(Exercise input begins)

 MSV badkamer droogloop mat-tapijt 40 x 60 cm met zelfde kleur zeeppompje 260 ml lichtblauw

(Exercise input ends)
(Exercise input begins)

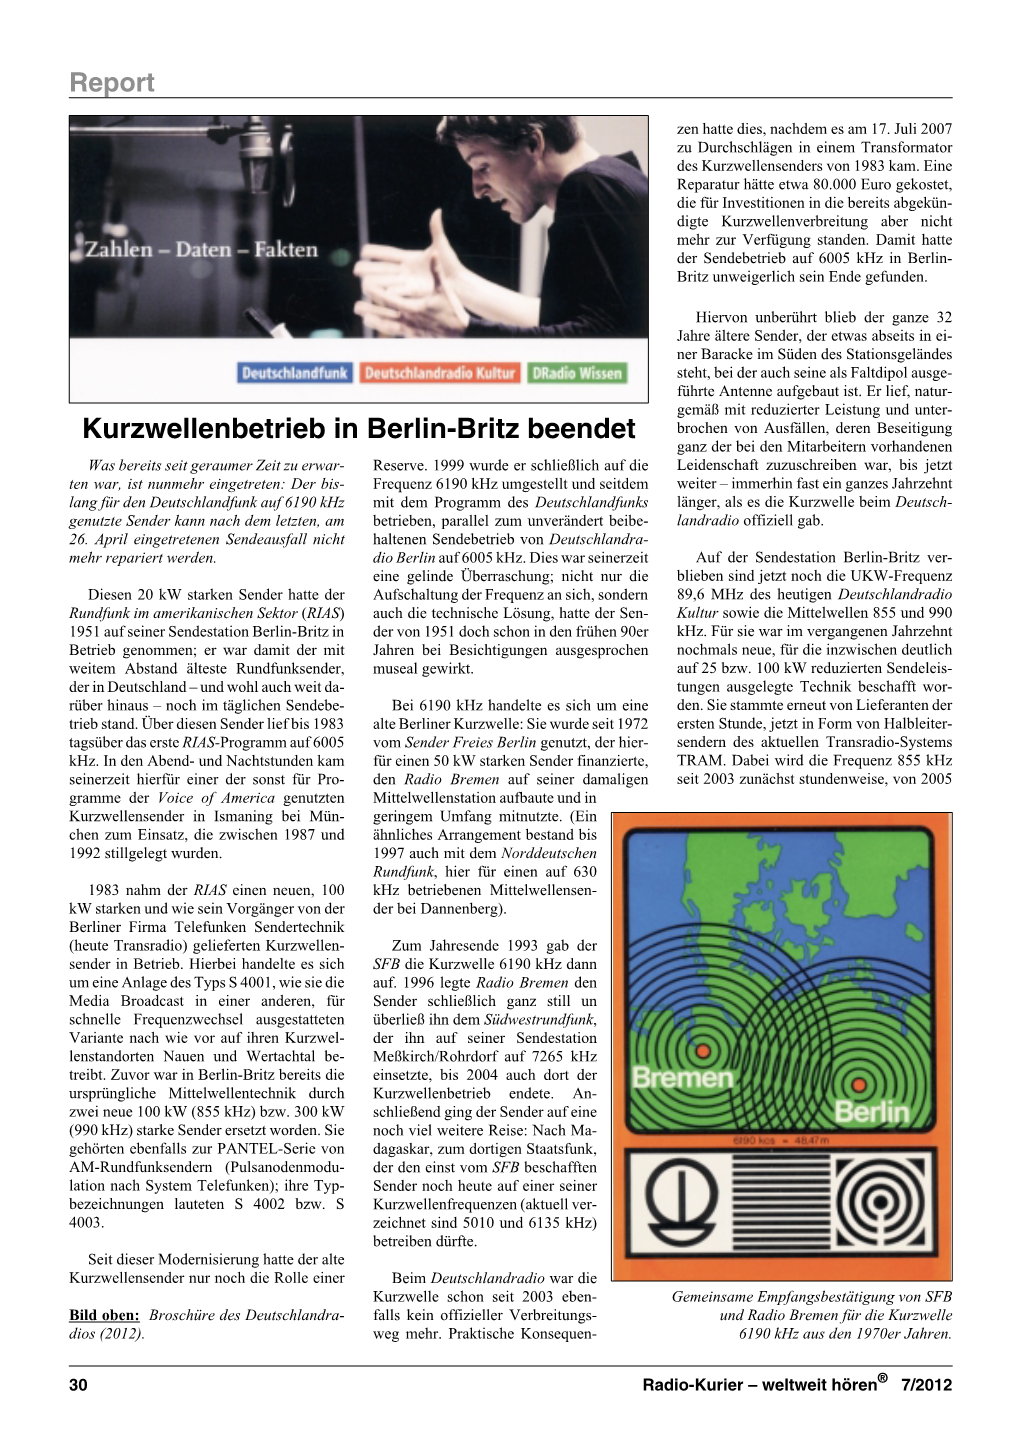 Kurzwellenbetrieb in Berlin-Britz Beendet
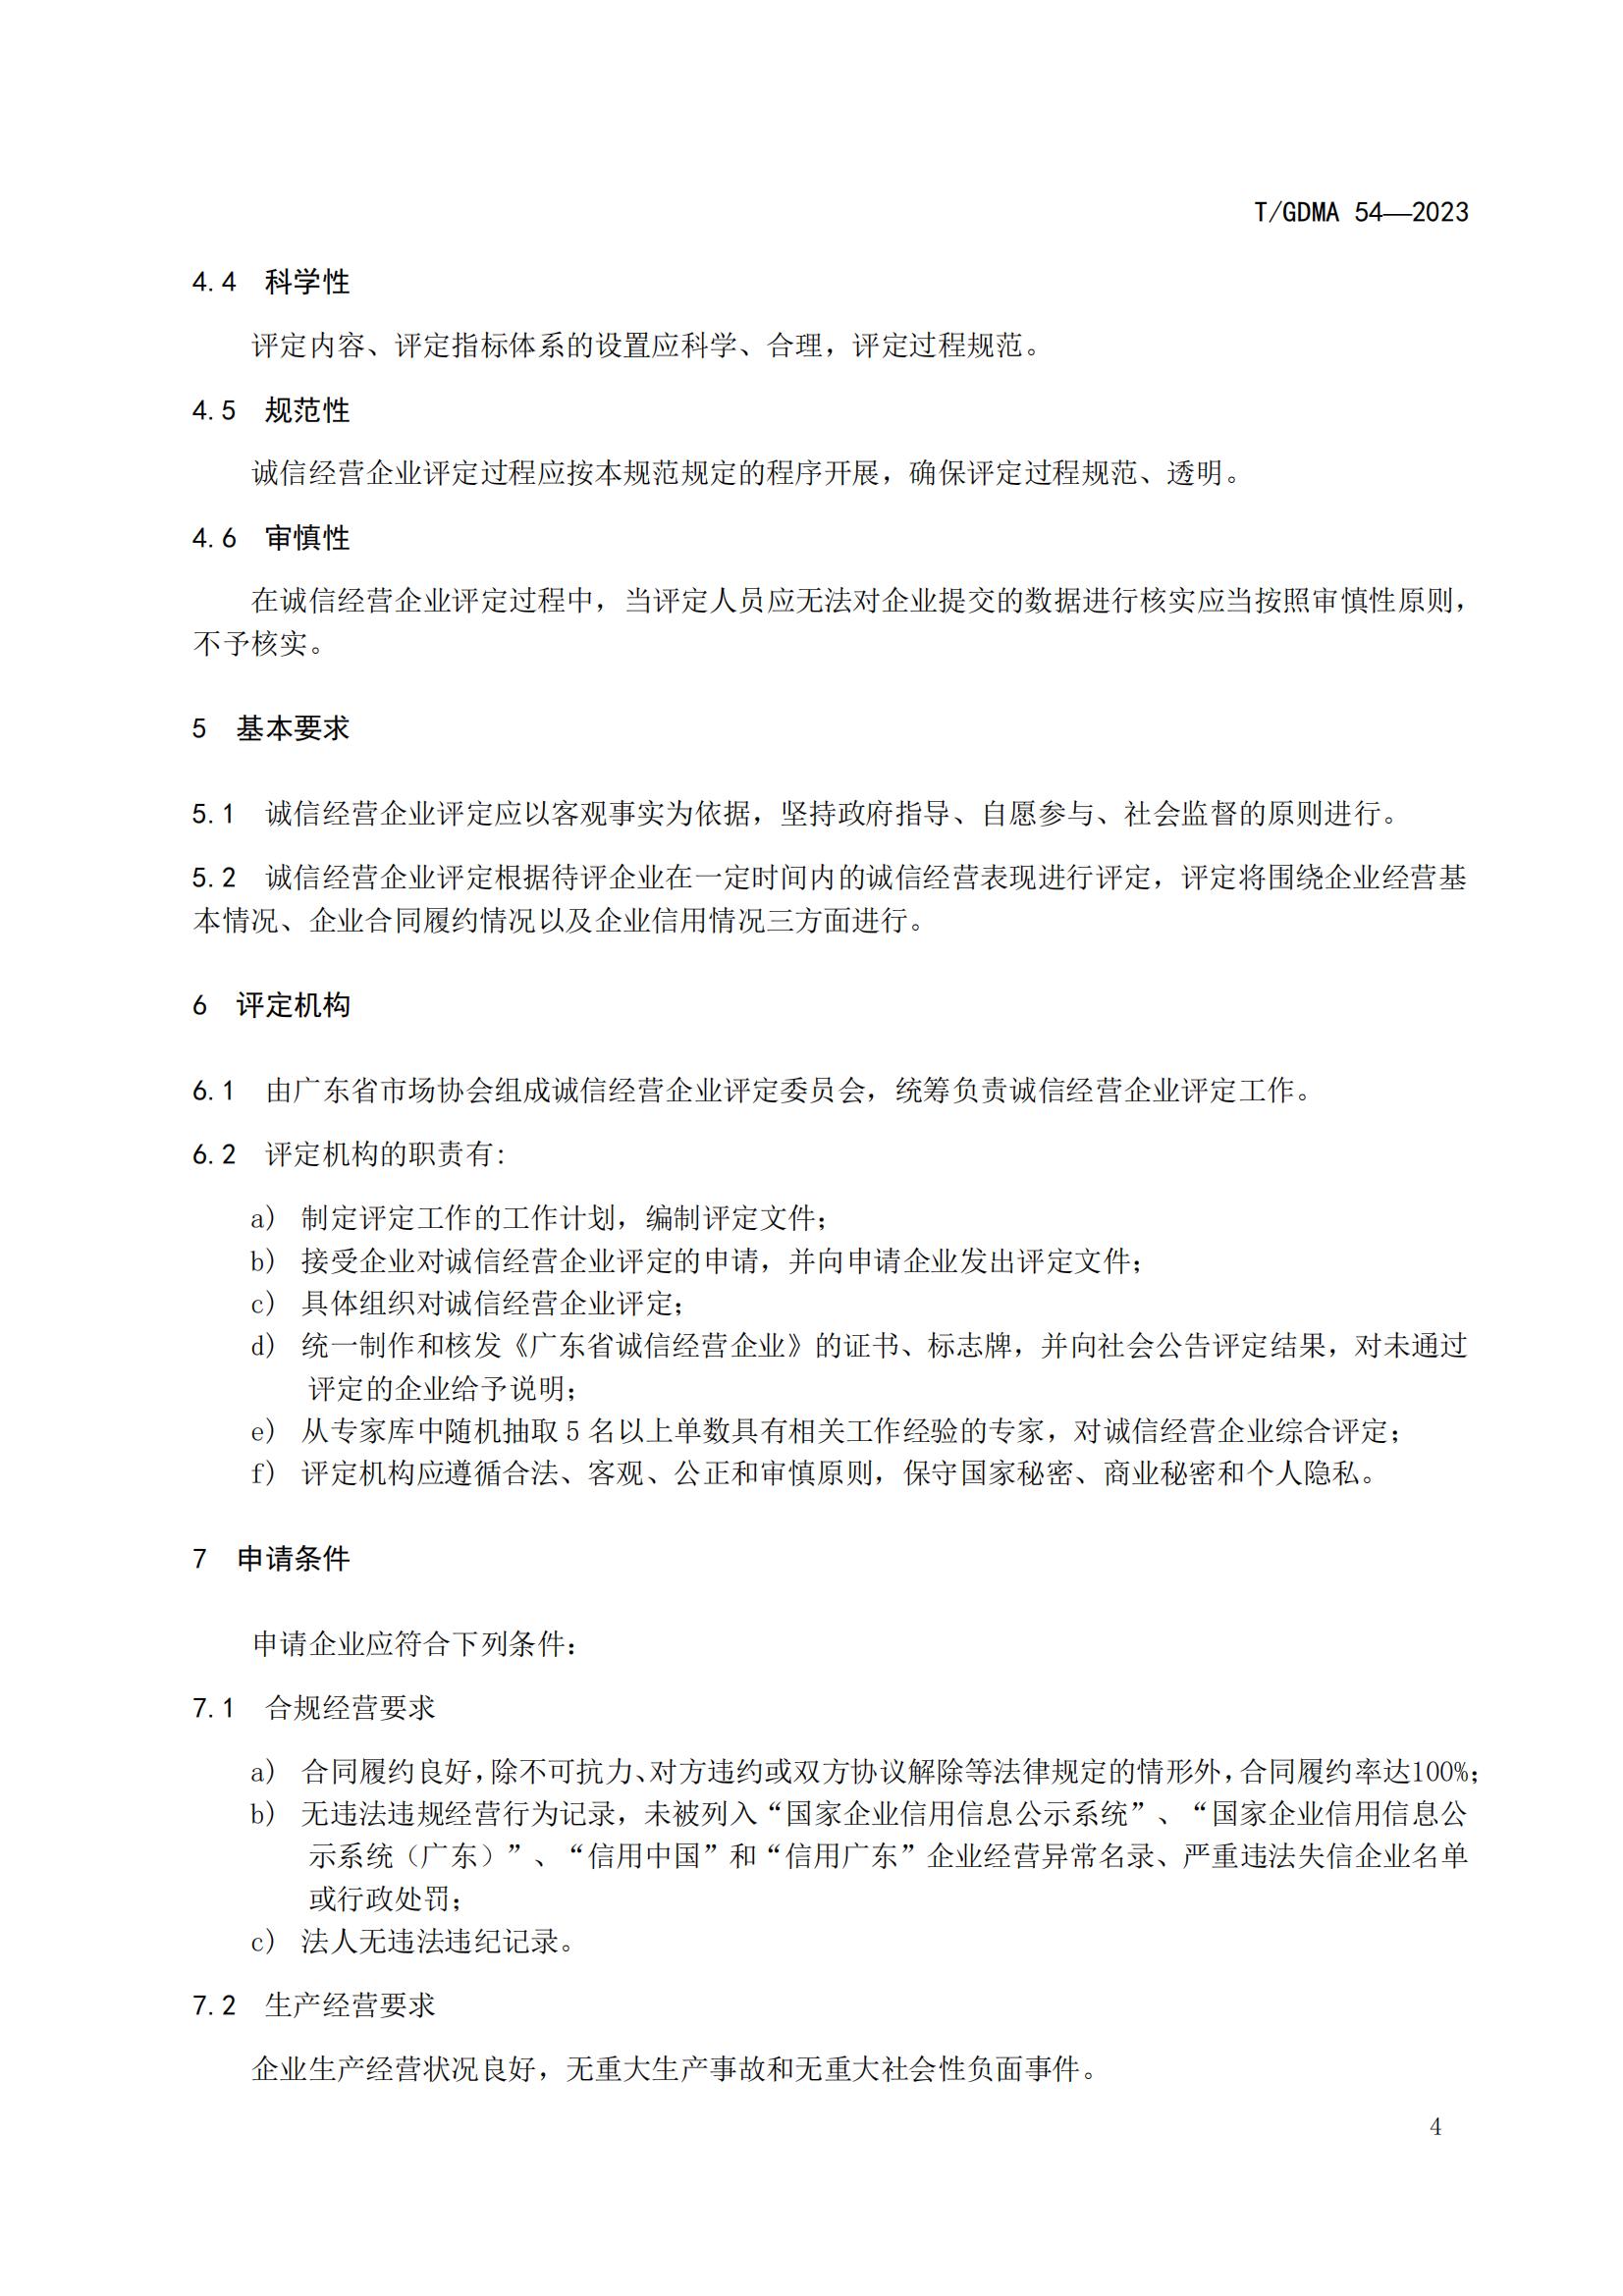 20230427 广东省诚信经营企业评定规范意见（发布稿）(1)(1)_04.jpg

(Exercise input ends)

Description of the task:
Print nothing except the lines above from the one containing "Kurzwellenbetrieb in Berlin-Britz Beendet" down to the one containing "20230427 广东省诚信", both included, exactly as written and free of pictures.

Output for this exercise:
 Kurzwellenbetrieb in Berlin-Britz Beendet
 20230427 广东省诚信经营企业评定规范意见（发布稿）(1)(1)_04.jpg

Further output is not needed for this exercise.